In the combined safety population of patients treated with ropeginterferon alfa-2b, the most frequent adverse effects (AEs) included influenza-like illness, arthralgia, fatigue, pruritis, nasopharyngitis, and musculoskeletal pain. Serious AEs included urinary tract infection, transient ischemic attack, and depression.
Additional long-term data from the phase 3 PROUD-PV (NCT01949805) and CONTINUATION-PV (NCT02218047) trials, presented at the 2022 EHA Congress, indicated that treatment with ropeginterferon alfa-2b led to low symptom burden and low phlebotomy requirement compared with best available treatment in patients with PV.3
Specifically, symptoms defined in the Myeloproliferative Neoplasm Symptom Assessment Form (MPN-SAF) were lower in the sixth year of treatment compared with the first year from week 4, for fatigue, early satiety, abdominal discomfort, inactivity, itching, and fevers.
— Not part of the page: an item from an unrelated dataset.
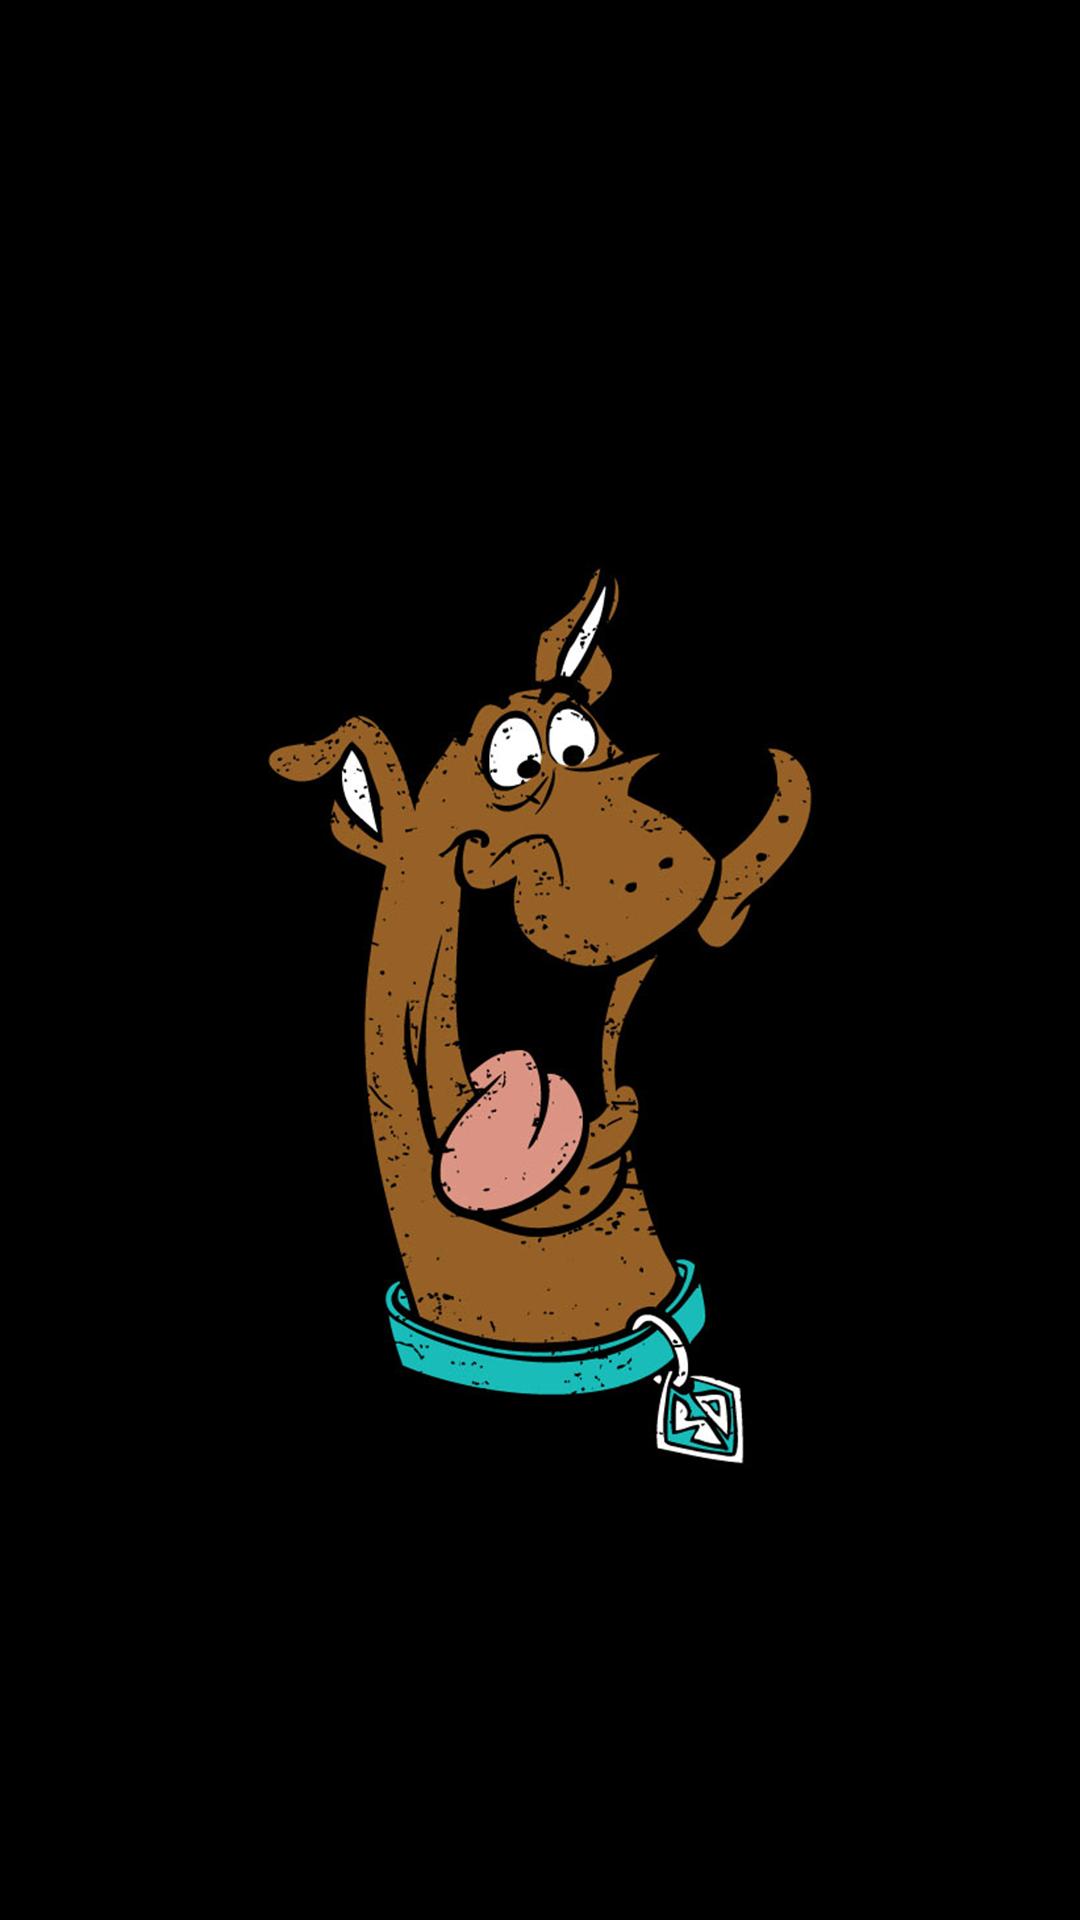 Scooby Doo HD Wallpaper For Android Apk

Overall, 15.7% of patients who received ropeginterferon alfa-2b reported disease-related symptoms during the sixth year of treatment compared with 20.7% of patients in the control arm.
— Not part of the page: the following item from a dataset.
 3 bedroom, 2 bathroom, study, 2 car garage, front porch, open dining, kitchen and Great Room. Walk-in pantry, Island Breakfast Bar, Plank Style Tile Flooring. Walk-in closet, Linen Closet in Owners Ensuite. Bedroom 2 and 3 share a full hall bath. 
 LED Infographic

Additionally, in the sixth year of treatment, 81.4% patients in the experimental arm required no phlebotomies compared with 60% of patients in the control arm (P = .005).
“This recent update to treatment guidelines by NCCN represents the community’s recognition of the value of ropeginterferon alfa-2b as a therapeutic option for all adults with PV, regardless of their treatment history,” Raymond Urbanski, MD, PhD, US head of Clinical Development and Medical Affairs, said. “Given its deep, durable control over the disease beyond the symptoms, we’re continuing to study ropeginterferon alfa-2b in PV, as well as other myeloproliferative neoplasms and hematologic malignancies.”
Ropeginterferon interferon alfa-2b is under continued study in patients with PV in the phase 3b ECLIPSE PV trial (NCT05481151). Eligible patients are being randomly assigned to an accelerated dosing schedule for ropeginterferon alfa-2b compared with the current labeled dosing for the agent.4 The primary end point of the study is the proportion of patients achieving a complete hematologic response at 24 weeks of treatment, defined as hematocrit below 45% for at least 3 months since last phlebotomy, platelets not exceeding 400 x 109/L, and leukocytes of 10 x 109/L or below.